Nineteenth Blog Birthday: Fabric, The Hedgehog And The Fox

Every year, on the anniversary of the first-ever post on this blog, I write a post reflecting on what has happened to me professionally in the past year and this year the subject is obvious: Fabric. Of course I knew about, and indeed had been playing with, Fabric for a long time before even the private previews but it was only with the public preview and then GA that I felt the real impact on my job. I now work on the Fabric Customer Advisory Team at Microsoft rather than the Power BI Customer Advisory Team, for example, and a lot more than my job title has changed. Instead of helping customers with, and collecting feedback on, just Power BI I now have to know about the whole of Fabric – which is a challenge. But how much can anyone know about the whole of Fabric? Is it all too much for one person?

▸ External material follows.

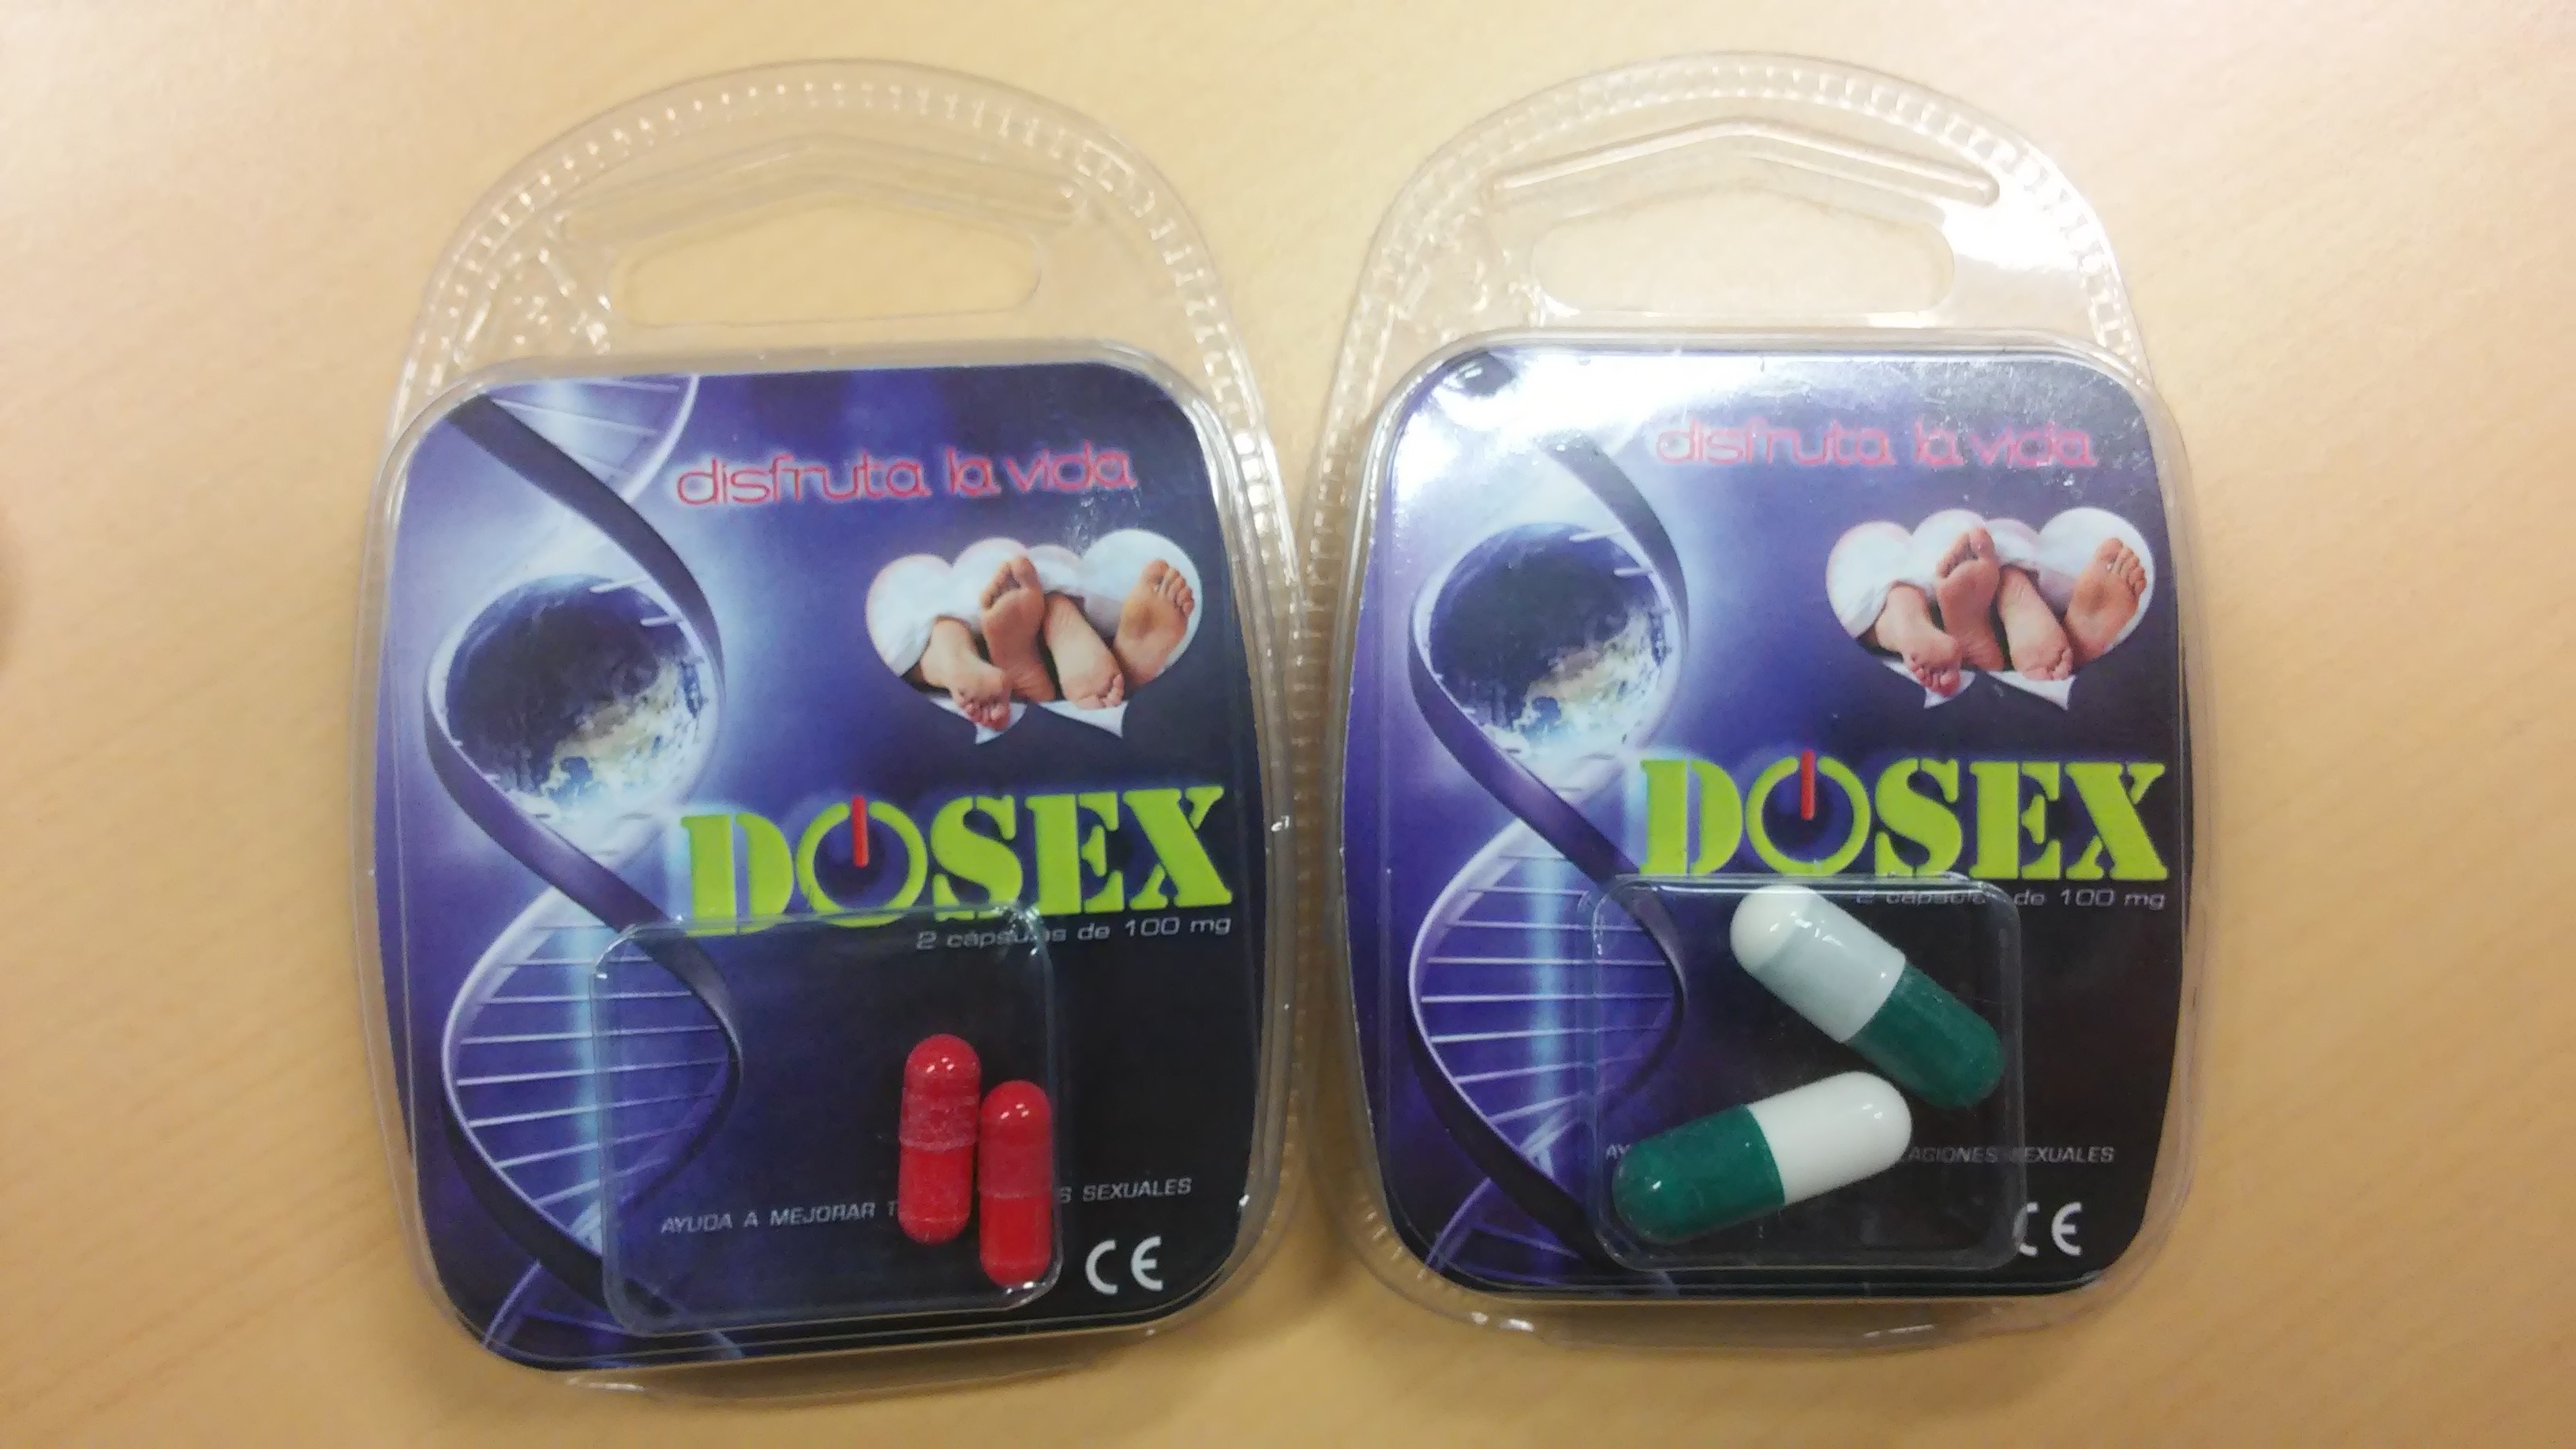 Image of the illigal product: Dosex
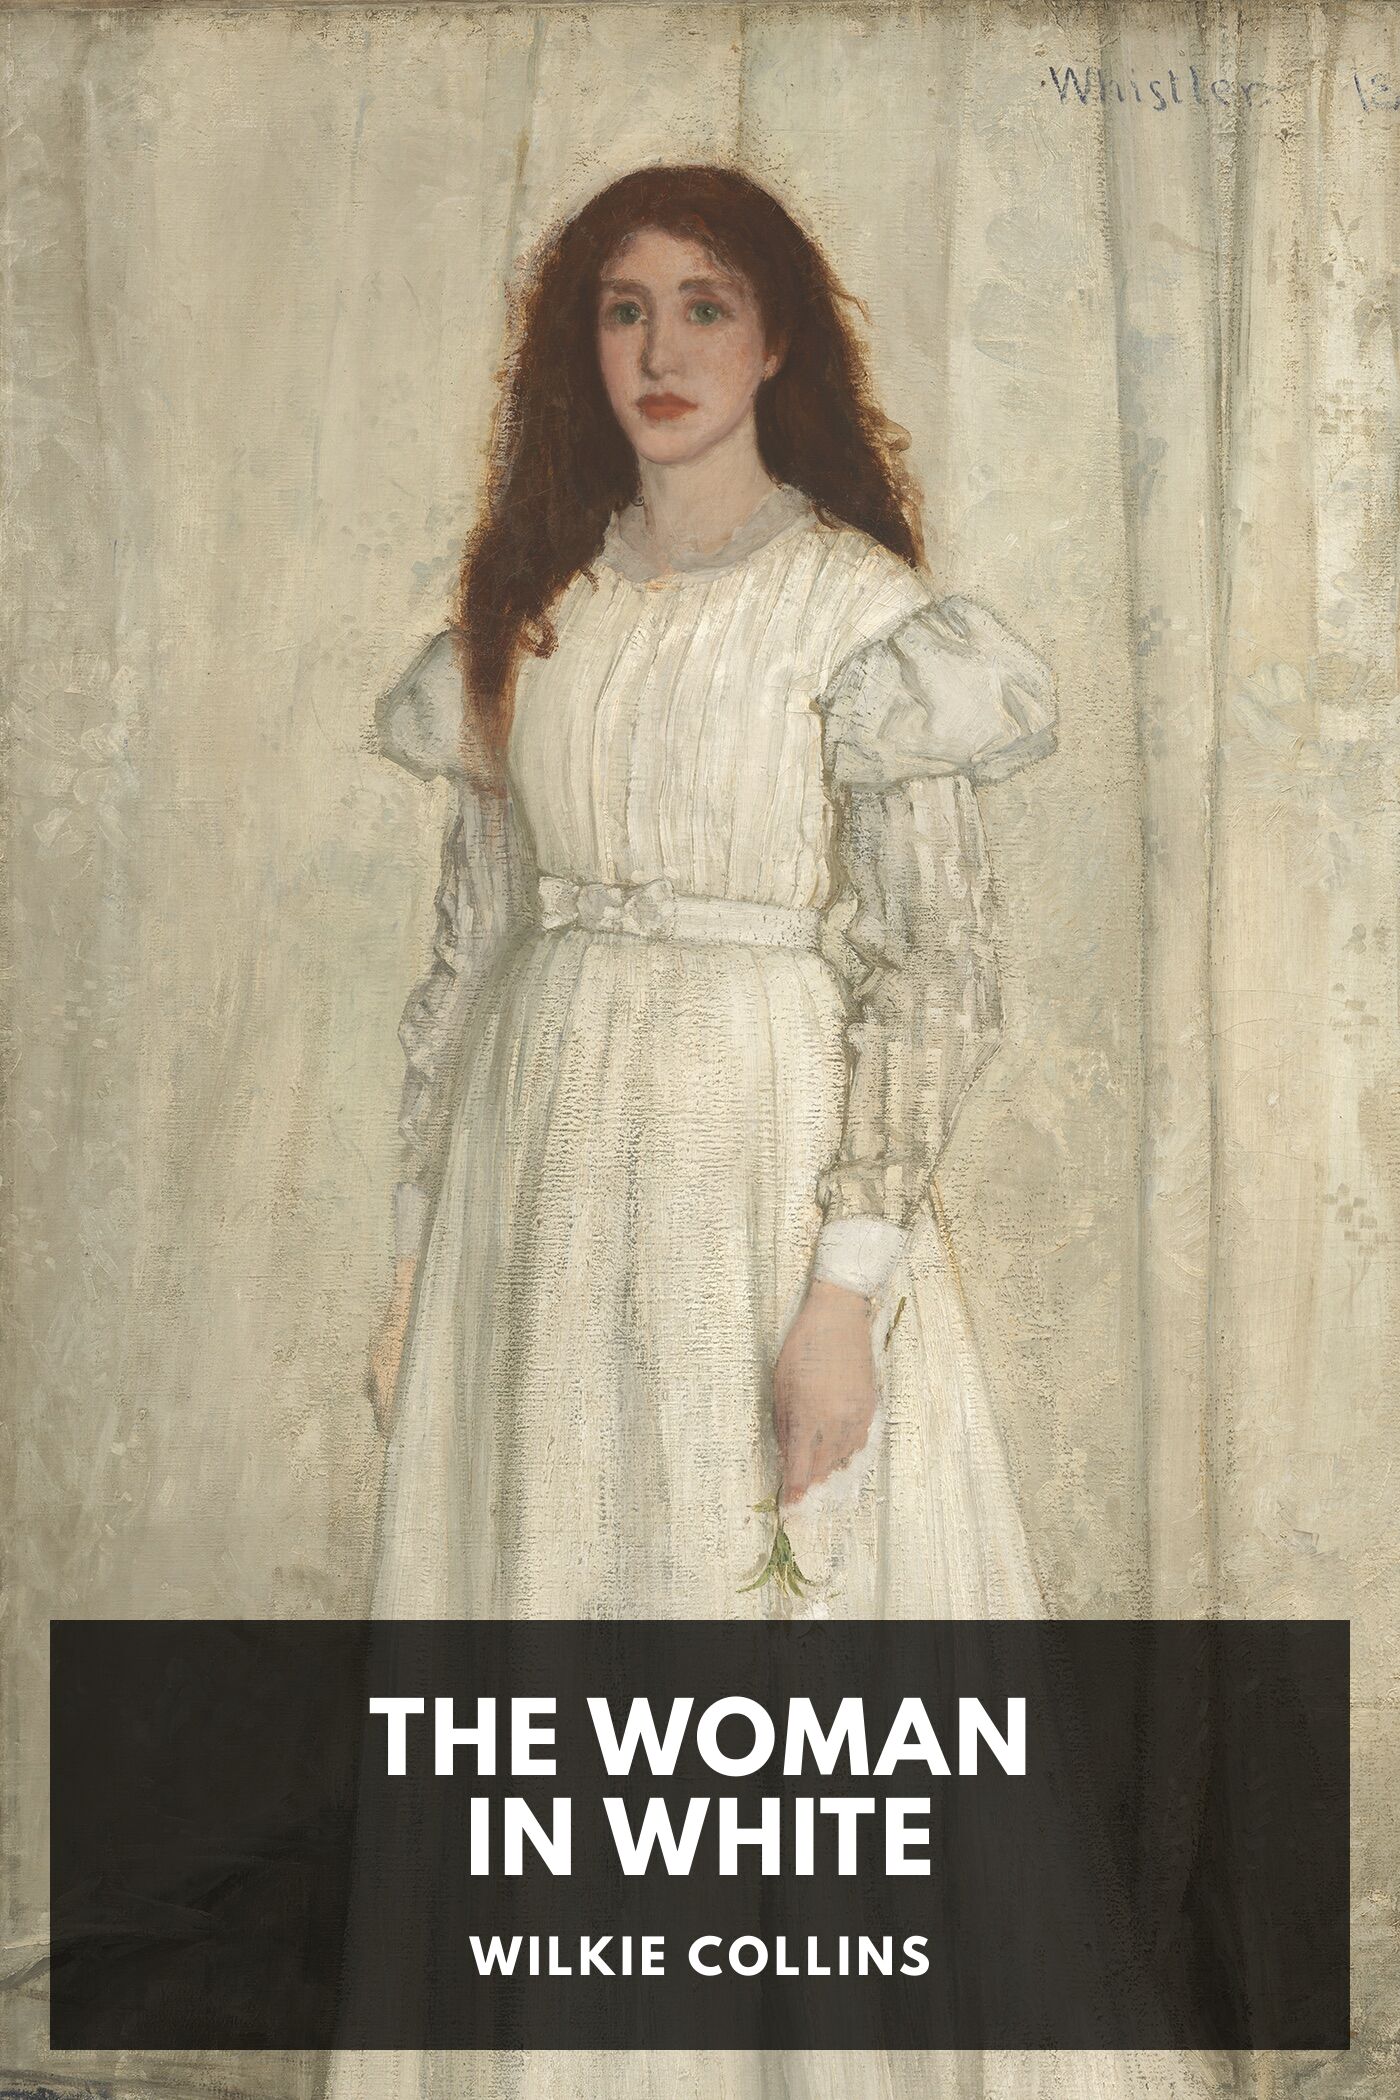 The Woman in White, by Wilkie Collins - Free ebook download - Standard  Ebooks: Free and liberated ebooks, carefully produced for the true book  lover.

This is already a problem with Power BI of course. Back when Power BI first appeared I felt reasonably confident that I knew a fair amount about everything to do with it. Soon, though, I gave up on trying to know much about data visualisation and now when I see the amazing things people do with Deneb I’m full of admiration but I accept this is something I’ll never have time to learn. I think I’m better than average at DAX but I’ll never be anywhere near as good as Marco and Alberto. Even with Power Query and M my knowledge of creating custom connectors is limited. And that’s all ok, I know what I need to know to do my job and luckily I’m not the kind of person who feels overwhelmed by the constant flow of updates although I know a lot of people do (see this great article by Kurt Buhler on ways of dealing with this). If I don’t know everything about Power BI today then I can say confidently that I’ll never know everything about Fabric in the future. No-one can. You need a team. The question then is, then, how will job roles evolve within the Fabric community? Who will end up doing what, and how will we organise Fabric development?

There are two ways you can approach Fabric development, and the two ways remind me of Isiah Berlin’s famous essay on “The Hedgehog and the Fox” (who says arts degrees are useless?). Unless you’re a fan of Tolstoy you don’t need to read it all; the essay turns on a line from the Greek poet Archilochus which says: “The fox knows many things, but the hedgehog knows one big thing” and explores how thinkers and writers, indeed all human beings, can be classified as either ‘foxes’ or ‘hedgehogs’. I think this classification can be useful when thinking about Fabric development too.

I’m definitely a hedgehog: I like to go deep rather than wide. Things were easier in the old days when the Microsoft BI stack was made of discrete products (Analysis Services, Integration Services, Reporting Services, SQL Server) and you could specialise in just one or two – the dividing lines were clear and pre-drawn and everyone working in BI had to be a hedgehog. It’s tempting to take the same approach with Fabric and encourage people to specialise in individual workloads, to become Fabric Spark or Fabric Warehouse professionals for example. It’s unsurprising that people from an IT background are natural hedgehogs but I also think this risks repeating the mistakes of the past: going back to the old days again, when I was an Analysis Services consultant I regularly saw teams who were focused on building their data warehouse in SQL Server but who never gave a second thought to what was meant to happen downstream, so the cubes, reports and spreadsheets suffered accordingly and so the solution as a whole was seen as a failure by the business. While it might seem as though a team of hedgehogs will give you a team of experts in all the areas you need, it can often result in a team of people focused on building specific parts of a solution rather than a functioning whole.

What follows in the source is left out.